In the days that follow, Daniel, a man already inclined to heavy rumination, becomes obsessed with the meaning — might there actually be one? — of the balloon man's death. (Since the boy in the passenger basket ultimately managed to land the vessel a few miles away, the man who fell died entirely in vain.) Then, out of the blue, love comes calling. One night, in the apartment he shares with Claire, he gets a phone call. It's Jed. Daniel can't imagine what he wants or, more important, how he got his number. "Where are you?" he asks suspiciously. "I'm in the park across the street," Jed says in a soft, disquieting purr. And sure enough, there he is. "God's love passed between us," the spindly drifter says of their brief encounter after the accident. And then: "Isn't there something you want to say to me?" Daniel can't imagine what he's talking about. But in the days that follow, Jed keeps pressing for an answer as he insinuates himself into Daniel's daily routines. Daniel goes to a restaurant: Jed is there. He goes to a bookstore: Jed is there among the stacks, grinning and snapping his picture. He seems to know all about Daniel, and, more worryingly, he knows about Claire, too. With his unspecified and increasingly ominous needs, Jed starts to drive Daniel over the edge of his forbearance; and Daniel, consumed by mounting anger, begins to drive away Claire (who has in any case grown weary of her boyfriend's anti-romance rants). Finally, in search of an explanation for all this, Daniel goes to see the widow of the man who fell from the balloon. She tells him she thinks there was someone with her husband when he drove away from the house that morning — someone she couldn't identify.

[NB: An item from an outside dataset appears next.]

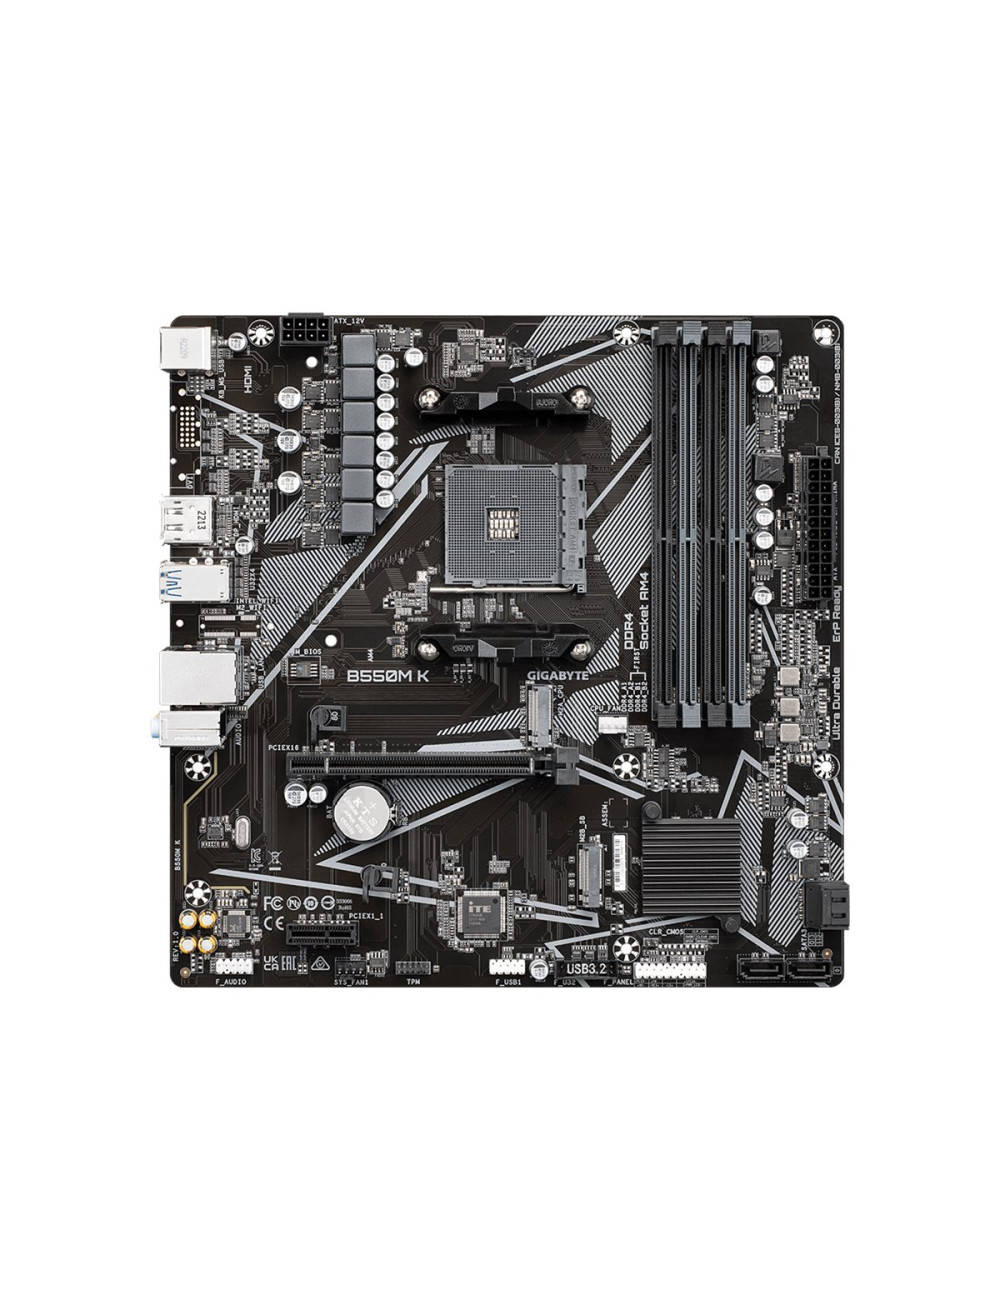 Gigabyte B550M K 1.0 M/B Processor family AMD Processor socket AM4 DDR4 DIMM Memory slots 4 Supported hard disk drive interfaces
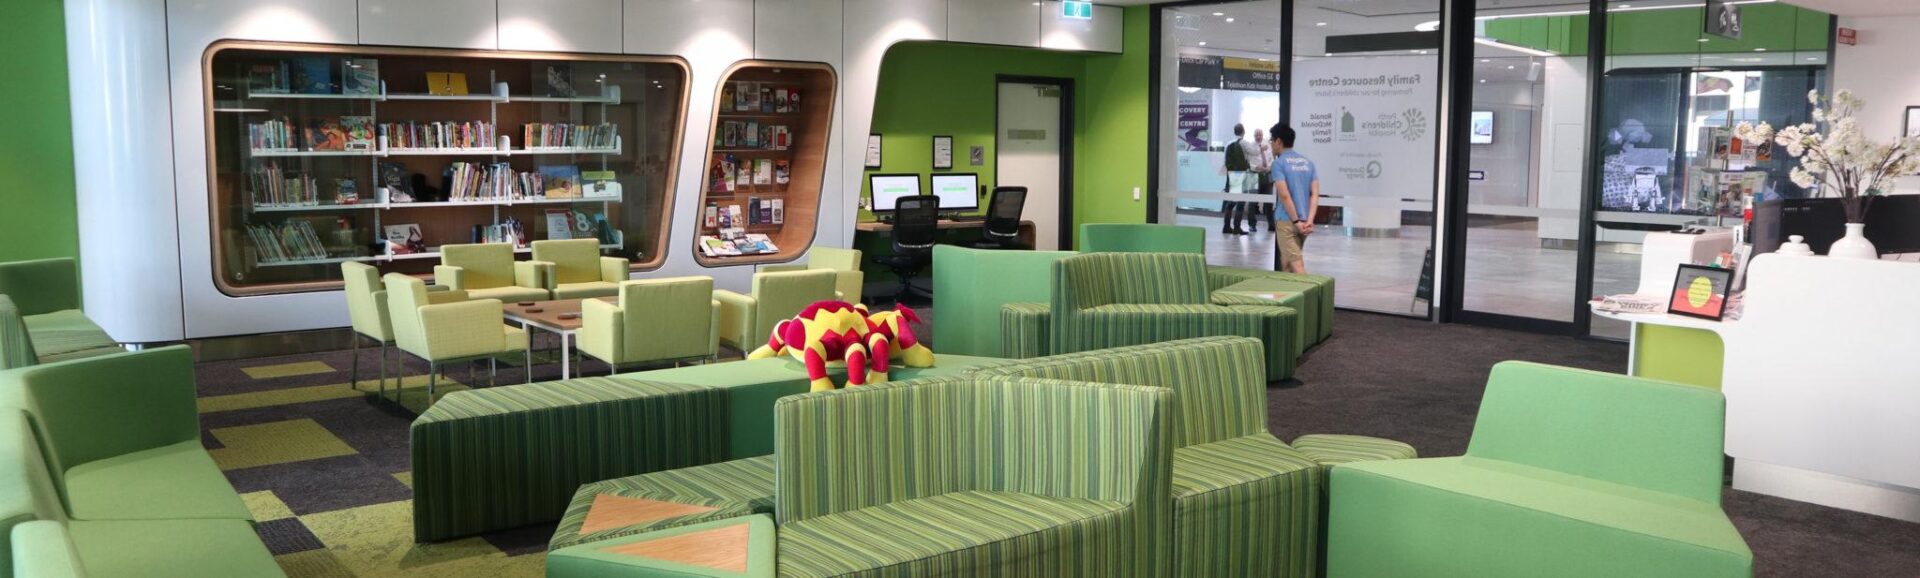 Photo of the Family Room at Perth Children's Hospital

"Enduring Love"'s symbolism is sometimes a little ostentatious. (The billowing red balloon is echoed by a blood-colored pomegranate in a fruit bowl, and later by the sculpted apples in a museum exhibition.) And the sterile cityscape in which the story is set becomes visually oppressive after a while. (The movie was presumably filmed in London, but famous landmarks have been avoided, so it could be any old nowhere in the world.) But Daniel Craig (he played gang boss Paul Newman's crazy son in the 2002 "Road to Perdition") is tautly convincing as a smug, upscale academic whose encounter with the irrational nearly drives him mad. Samantha Morton, intriguingly placid as always, conveys a thoughtful ambivalence here. And as Jed, the Welsh actor Rhys Ifans (in his second balloon-related role — he also starred in the airborne Australian comedy "Danny Deckchair") brings an odd, shlumpy malevolence to the picture. You feel an uneasy twinge whenever he sidles into a scene.

The movie is so tamped-down and ambiguous that certain viewers may experience it as something not unlike a low-grade headache. But with its pervasive sense of unease and senseless threat, it does lodge in your head. Which probably can't be said of whatever more standard piece of cinematic product you may have endured lately.